Assignment: Could you output each line below exactly as it appears, excluding any pictures?

Data extract:
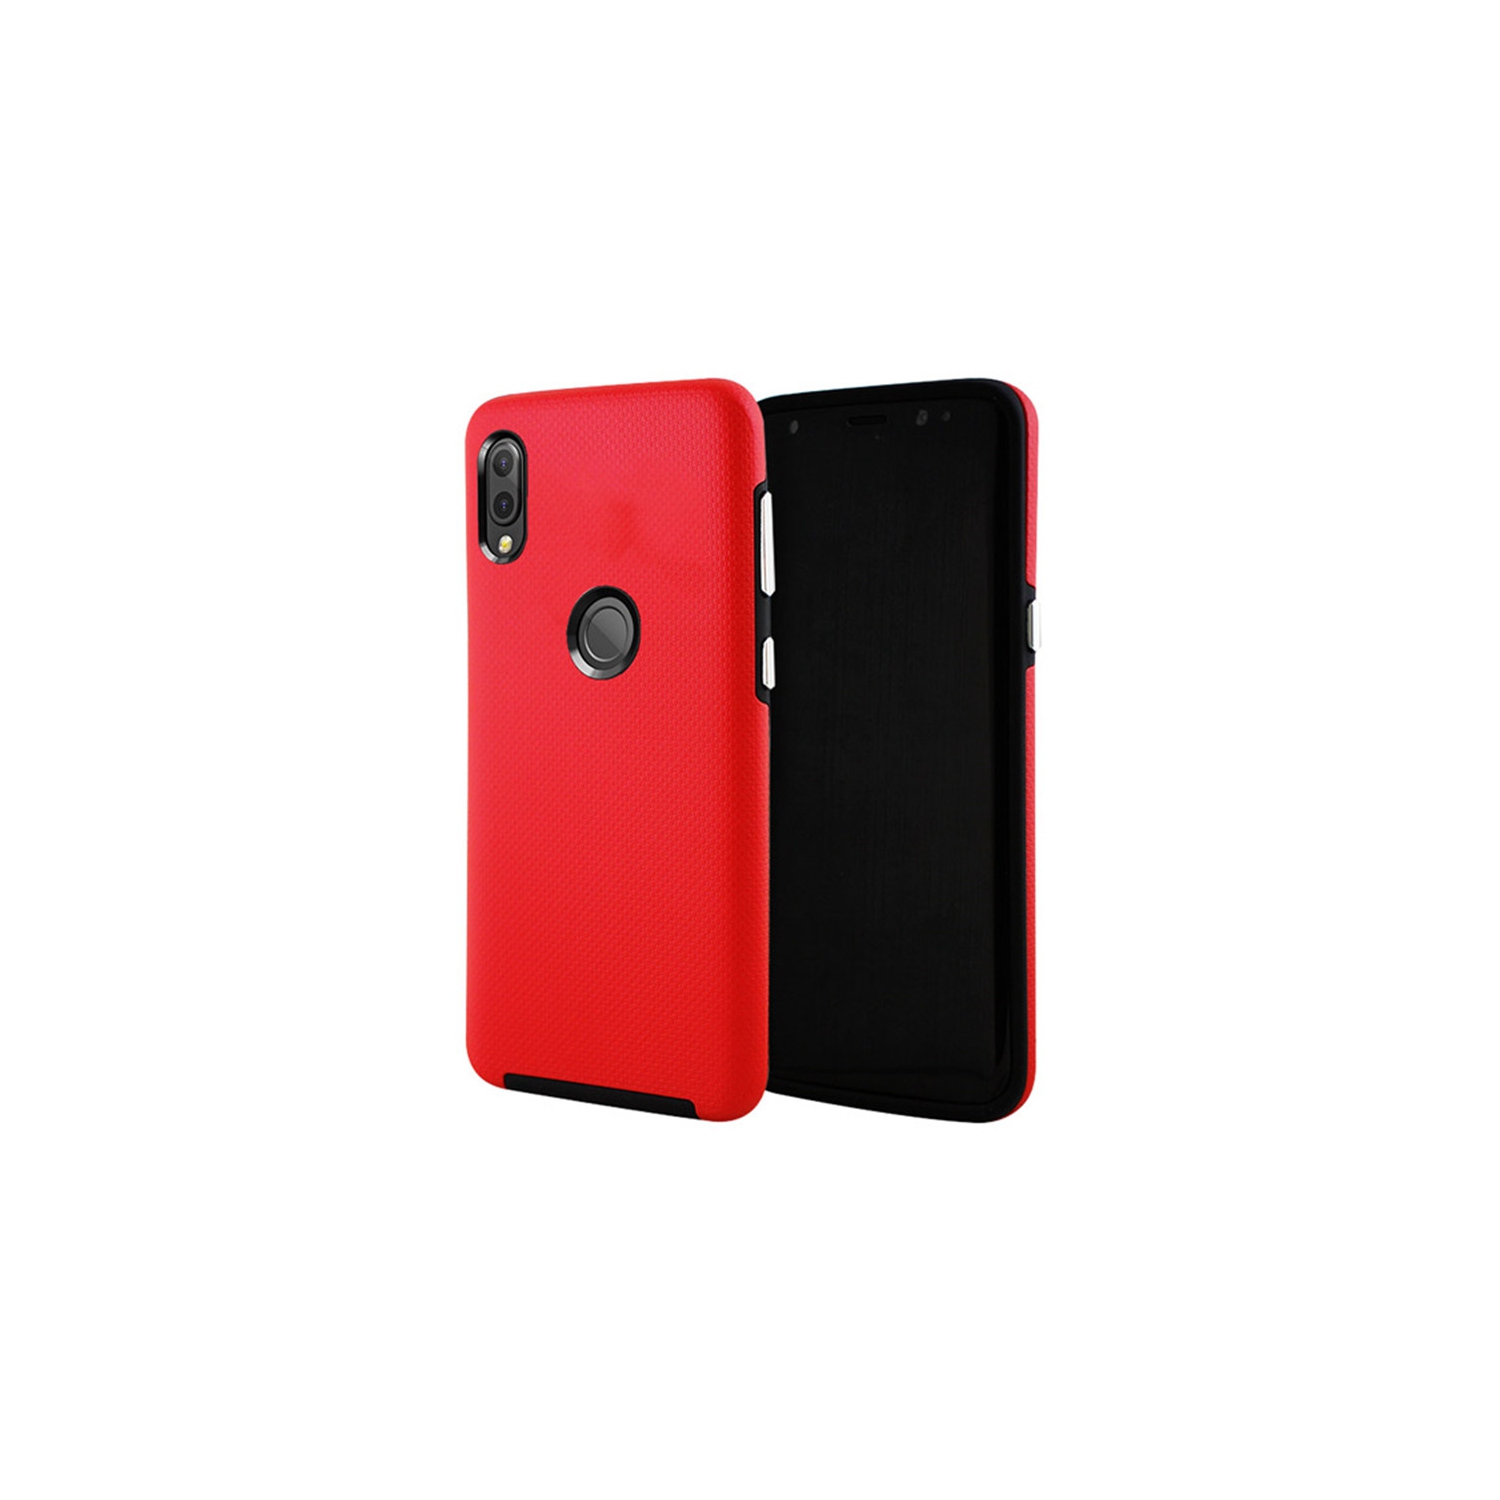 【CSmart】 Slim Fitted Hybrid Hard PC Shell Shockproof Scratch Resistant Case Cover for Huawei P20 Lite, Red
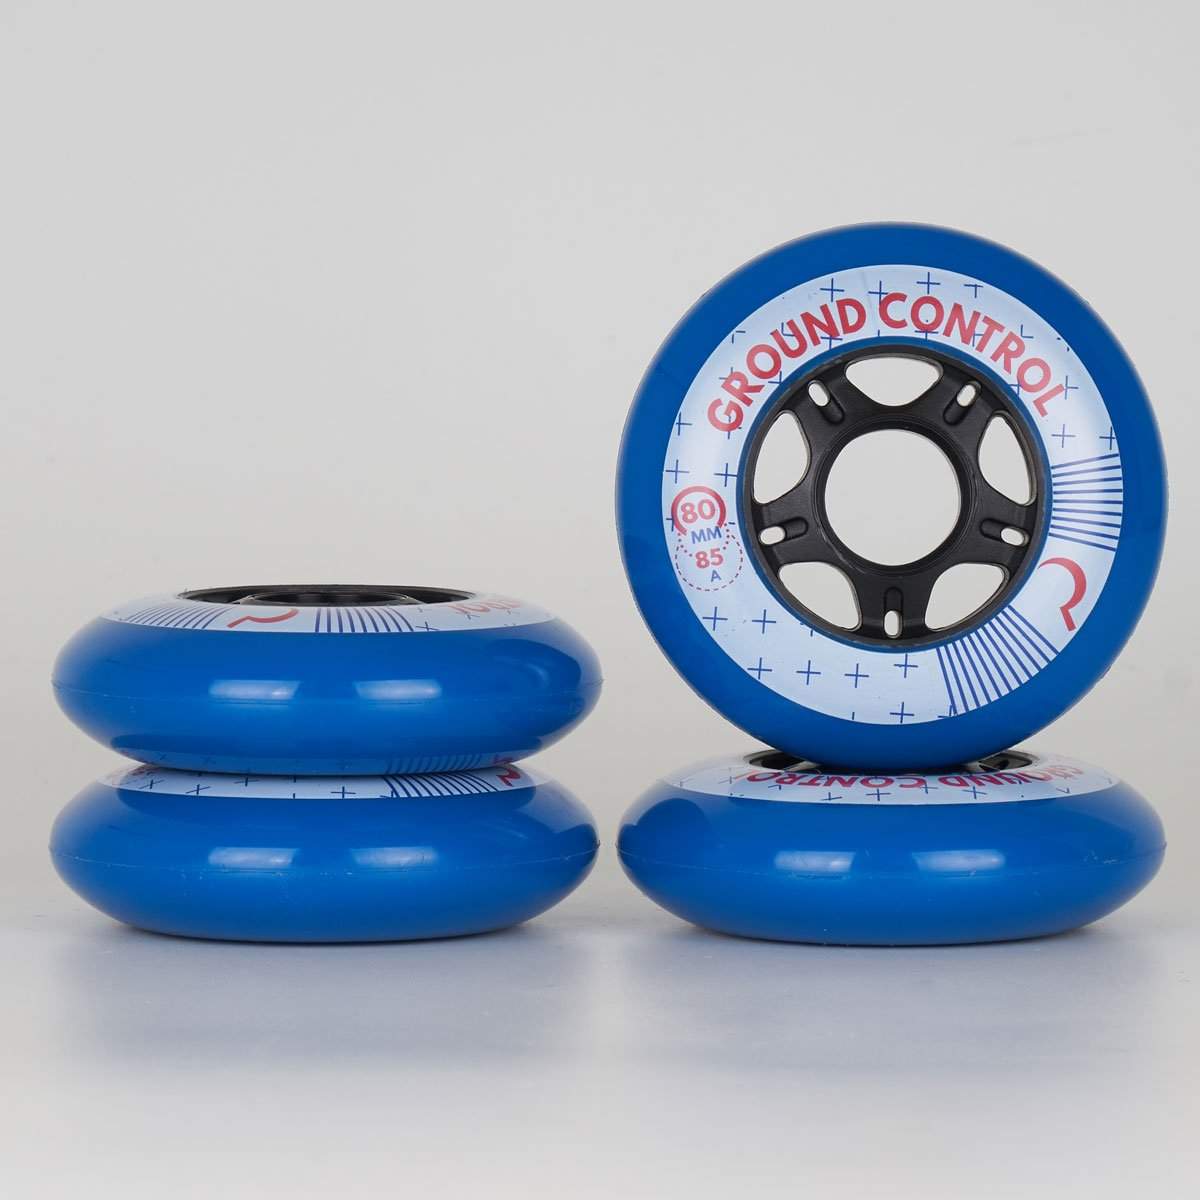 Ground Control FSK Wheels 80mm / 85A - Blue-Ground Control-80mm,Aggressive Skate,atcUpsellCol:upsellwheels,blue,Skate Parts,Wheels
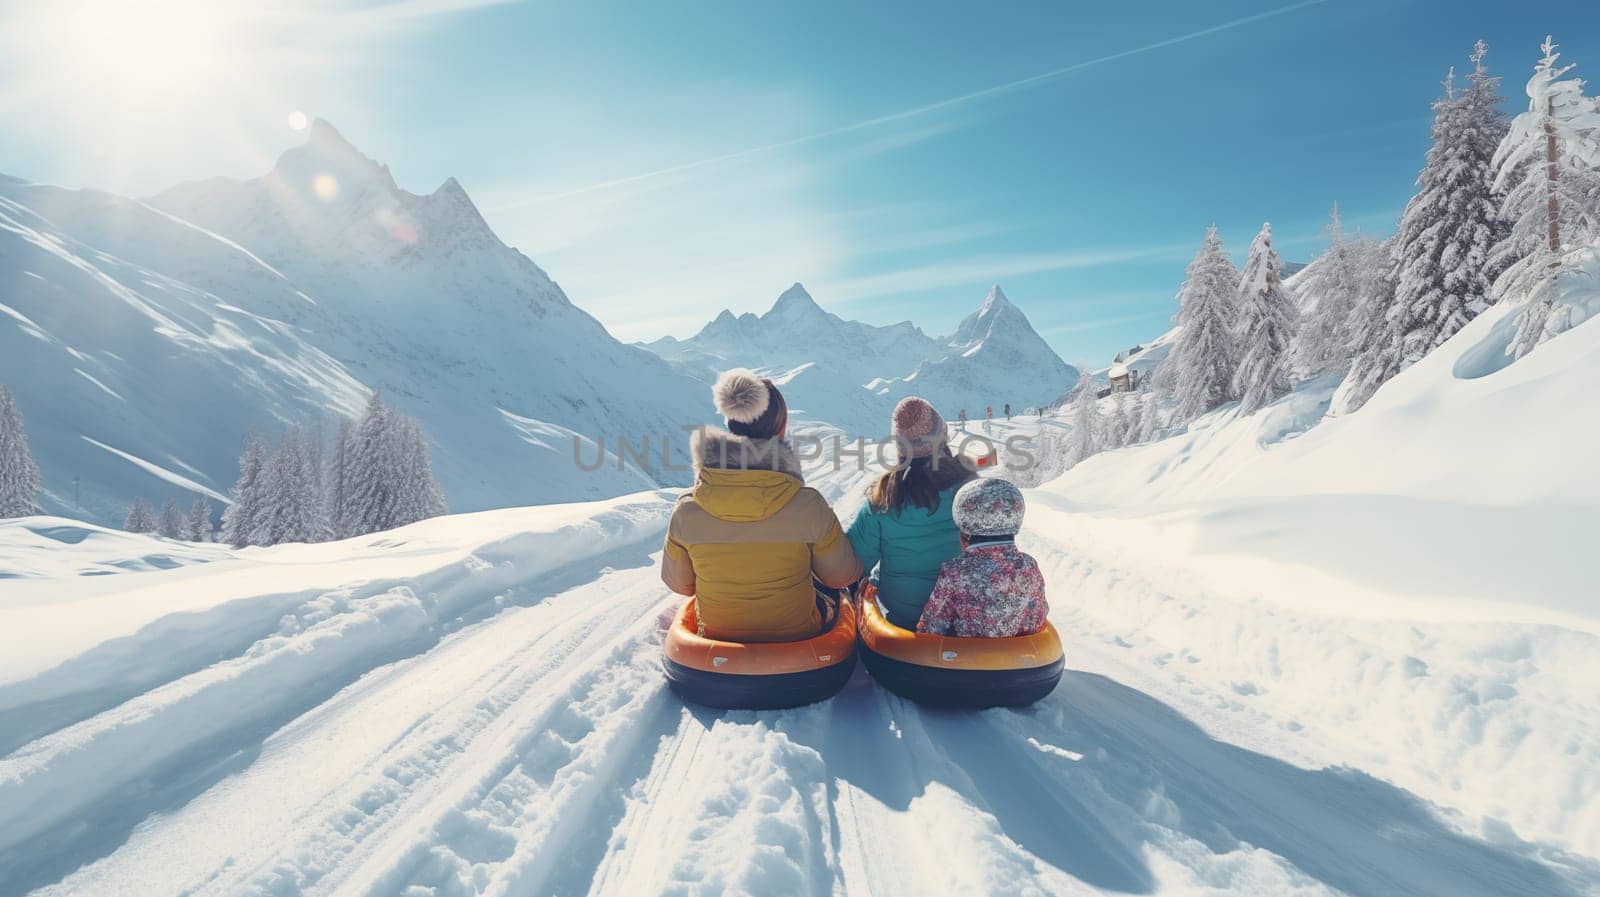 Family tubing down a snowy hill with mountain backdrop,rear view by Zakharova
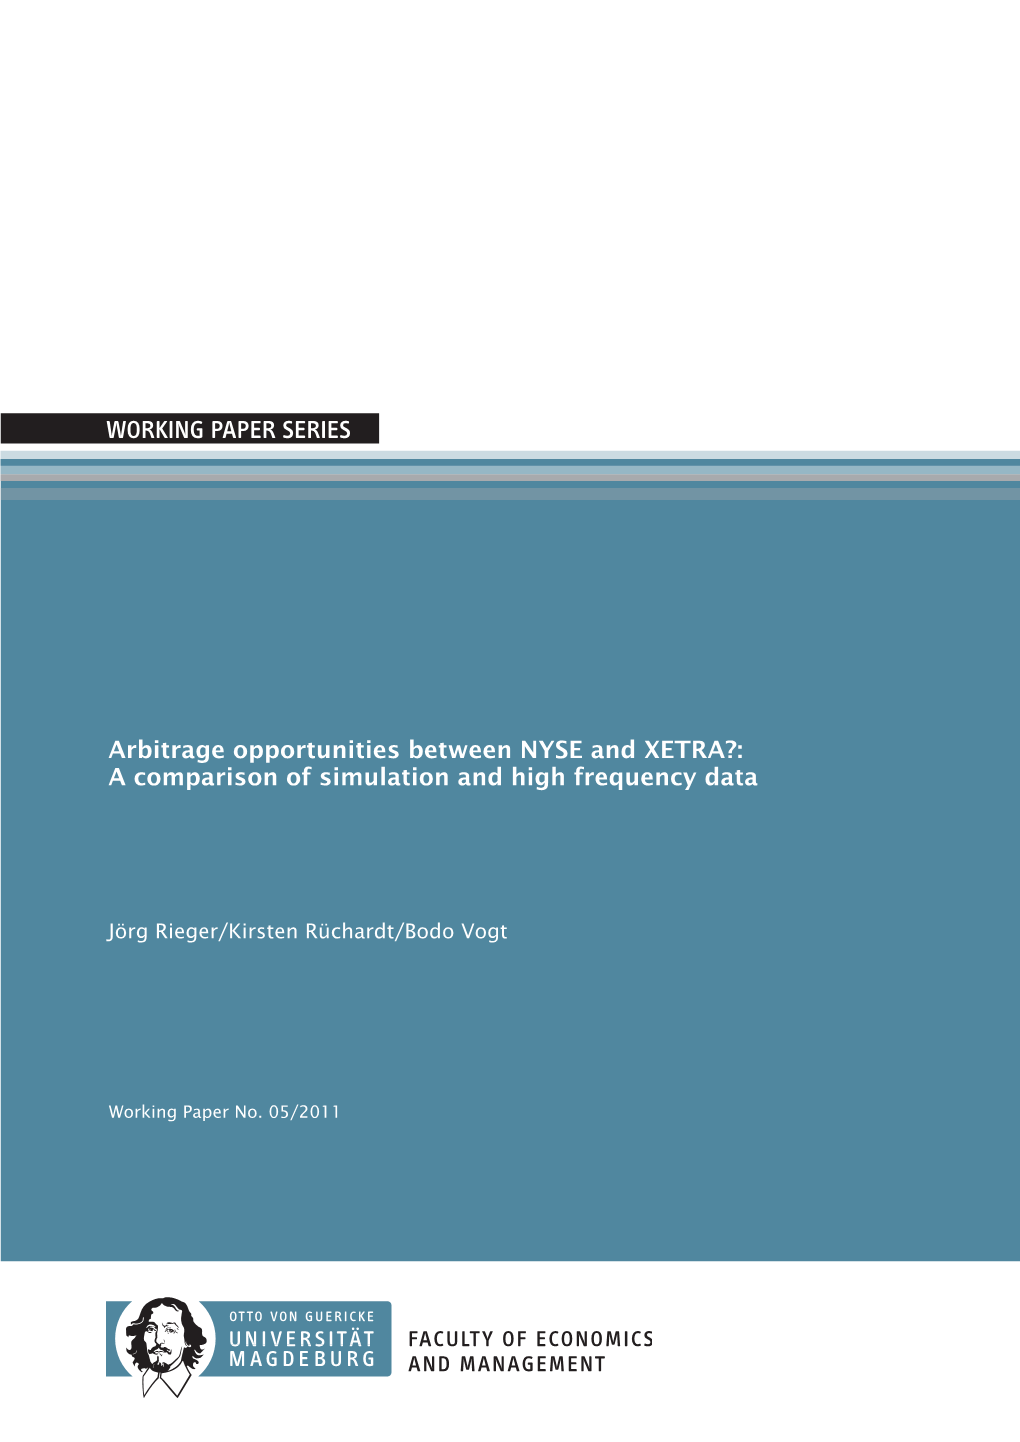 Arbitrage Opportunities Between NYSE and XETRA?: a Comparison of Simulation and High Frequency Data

Task answer:
 【CSmart】 Slim Fitted Hybrid Hard PC Shell Shockproof Scratch Resistant Case Cover for Huawei P20 Lite, Red
 Ground Control FSK Wheels 80mm / 85A - Blue-Ground Control-80mm,Aggressive Skate,atcUpsellCol:upsellwheels,blue,Skate Parts,Wheels
 Family tubing down a snowy hill with mountain backdrop,rear view by Zakharova
 Arbitrage Opportunities Between NYSE and XETRA?: a Comparison of Simulation and High Frequency Data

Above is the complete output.